Prompted by her talents, she applied for a place at the State Conservatory of Music and at the National Academy of Fine Arts. She gained admission into both at first try. She accepted one, declined the other.

After a few months of studying the piano with one of the finest pianists in the land, she met a man, an accomplished accordeonist. “I always wanted to marry a musician,” she says. She’s smiling. Her smiling is rare nowadays.

She fell pregnant. It didn’t take long.

The rest is history. “Anyway, I found the Conservatory quite boring. Beethoven. Brahms. Bach. Chopin. Of course they’re great, all of them. Spectacular. I prefer Chopin. But I wanted to play jazz and swing.”

Suddenly a mother, a wife. No playing the piano, no drawing. Life took its toll and she fell ill. Cancer. Thrice. Four months after her last bout of illness and yet another major surgery, her youngest son perished in a cruel car accident. It all became too much. She stumbled and fell. But she rose.
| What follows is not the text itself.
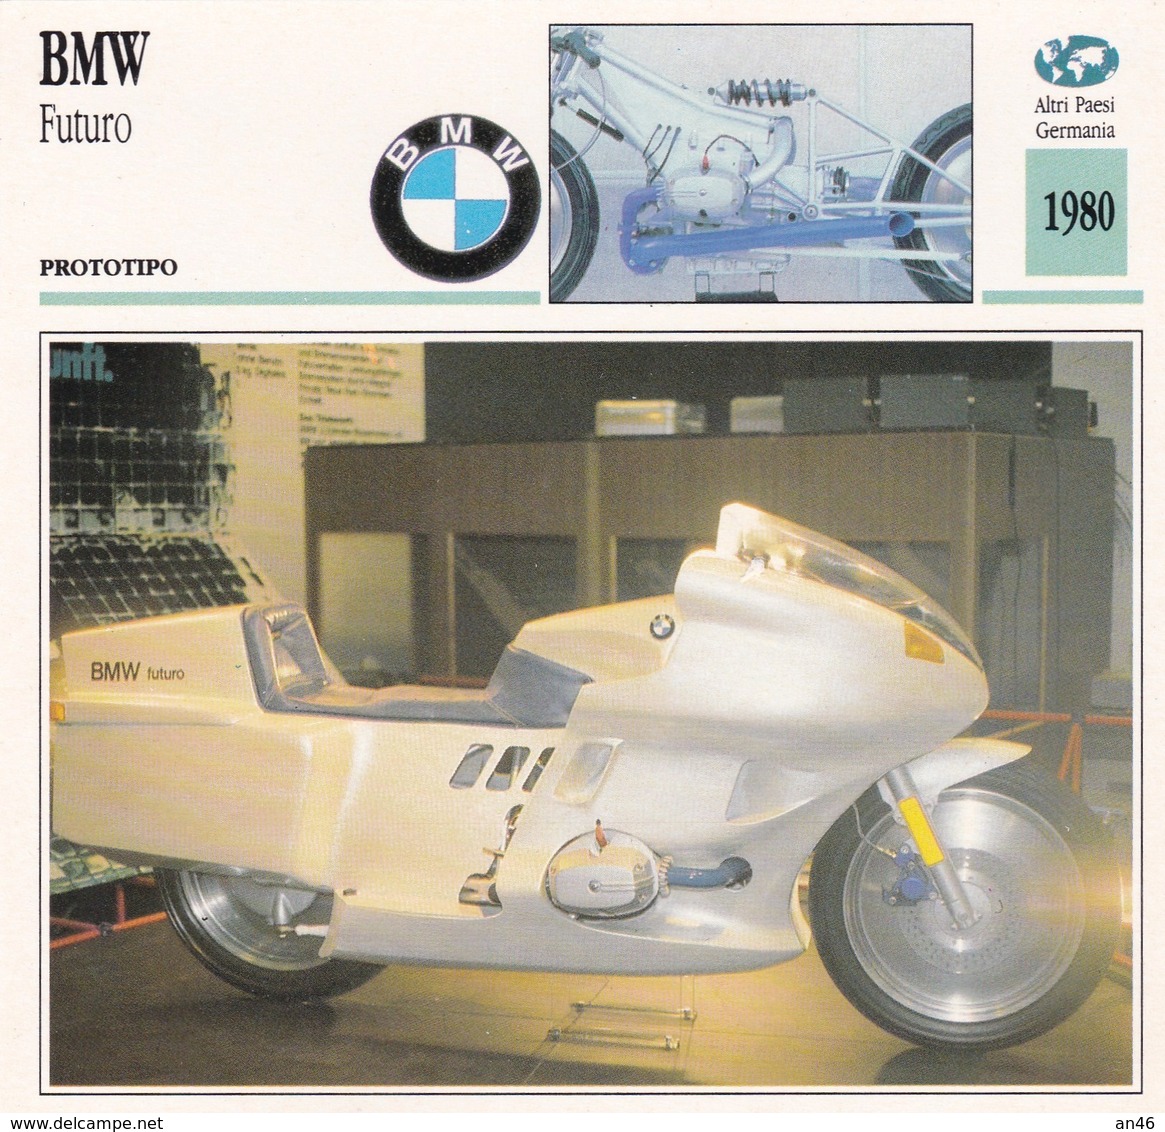 PRTOTIPO BMW FUTURO ALTRI PAESI GERMANIA 1980 DESCRIZIONE COMPLETA SUL RETRO AUTENTICA 100% - Advertising

She did that. Fell, then rose. Again. And again and again.

Now she’s 90. All she’s got are memories. What’s left of them. Everything else has been taken, everything she ever owned. Embezzled, tricked, deceived, exploited, lied to. Humiliated. “We represent the government. We’re here to protect you. We want to make sure your finances are safe.”

That’s what they said. And what the guardian said.

She’s left with nothing. Even the trees in her garden they chopped down. Why did they do that, she muses. Her beloved hedge, too. All her bushes with berries and blossoms they tore out of the ground, roots and all.

“Life’s indeed shrouded in mystery,” she mumbles to herself, bereft, with her eyes transfixed on the television screen displaying a football match.